What role does real-time intelligence play in optimising marketing outcomes?
Real-time intelligence helps marketers respond to people and context as they actually are — not as they were yesterday. Static models can’t capture that. Live signals, interpreted responsibly, help brands stay aligned with audience intent as it evolves.
At Experian, we view real-time intelligence as the bridge between data and decision-making. It enables AI to interpret live data, device activity, and contextual cues to refine engagement in the moment. Campaigns can adjust timing, creative, or channel mix based on real behaviour — without over-reliance on the past.
This capability moves marketing closer to true relevance. Instead of optimising after the fact, teams can guide performance as it happens.
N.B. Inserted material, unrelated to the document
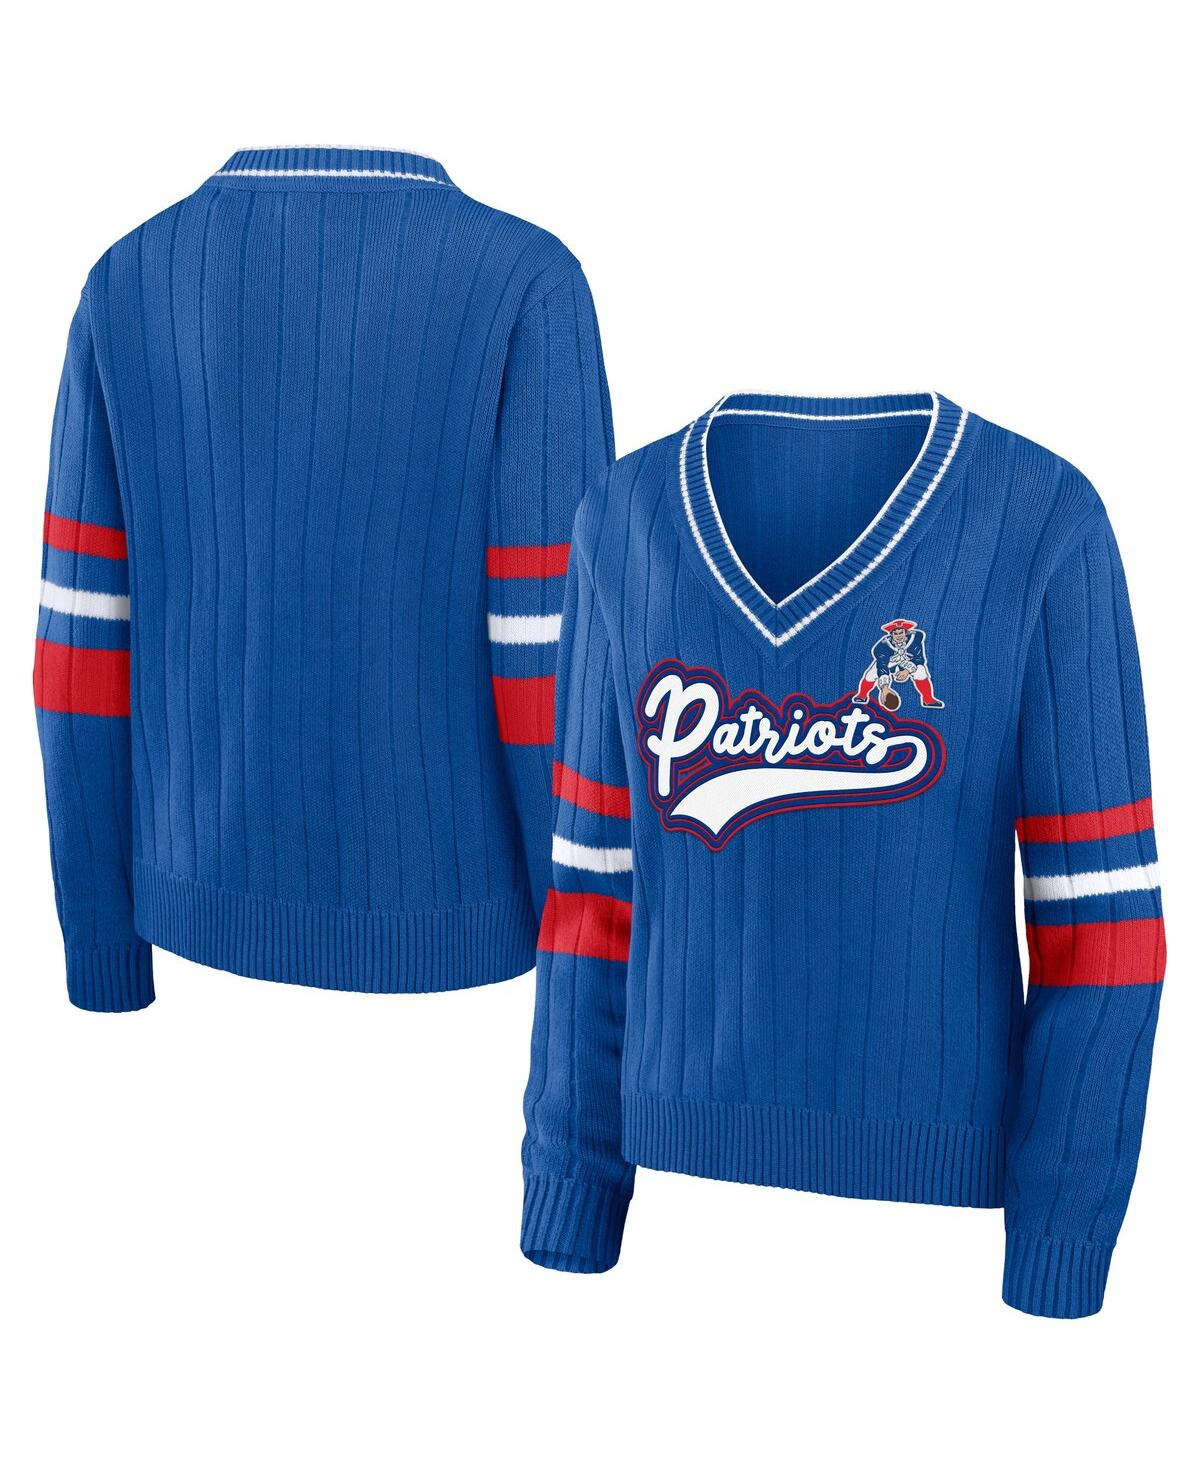 Wear By Erin Andrews Women's  Royal Distressed New England Patriots Throwback V-neck Sweater

When combined with a strong identity foundation and privacy-first design, real-time intelligence helps ensure that every adjustment is both accurate and ethical — improving outcomes while maintaining trust.
Looking ahead, what does responsible innovation look like for Experian and the broader ecosystem?
Responsible innovation starts with intention. It’s about advancing what’s possible with AI and automation while maintaining clear ethical boundaries. For Experian, that means building technology that improves marketing performance and protects people — ensuring that every new capability strengthens trust, transparency, and accountability.
In practice, that looks like bold but safe experimentation, constant evaluation of bias, and close attention to regulation. As generative and agentic AI mature, we’re focused on frameworks that explain how decisions are made, not just what they produce. That transparency builds both compliance and confidence.
Across the ecosystem, responsible innovation requires collaboration among data providers, publishers, platforms, and policymakers. The goal isn’t speed for its own sake — it’s progress with purpose: systems that respect privacy, enable creativity, and keep marketing intelligent, ethical, and human-centred.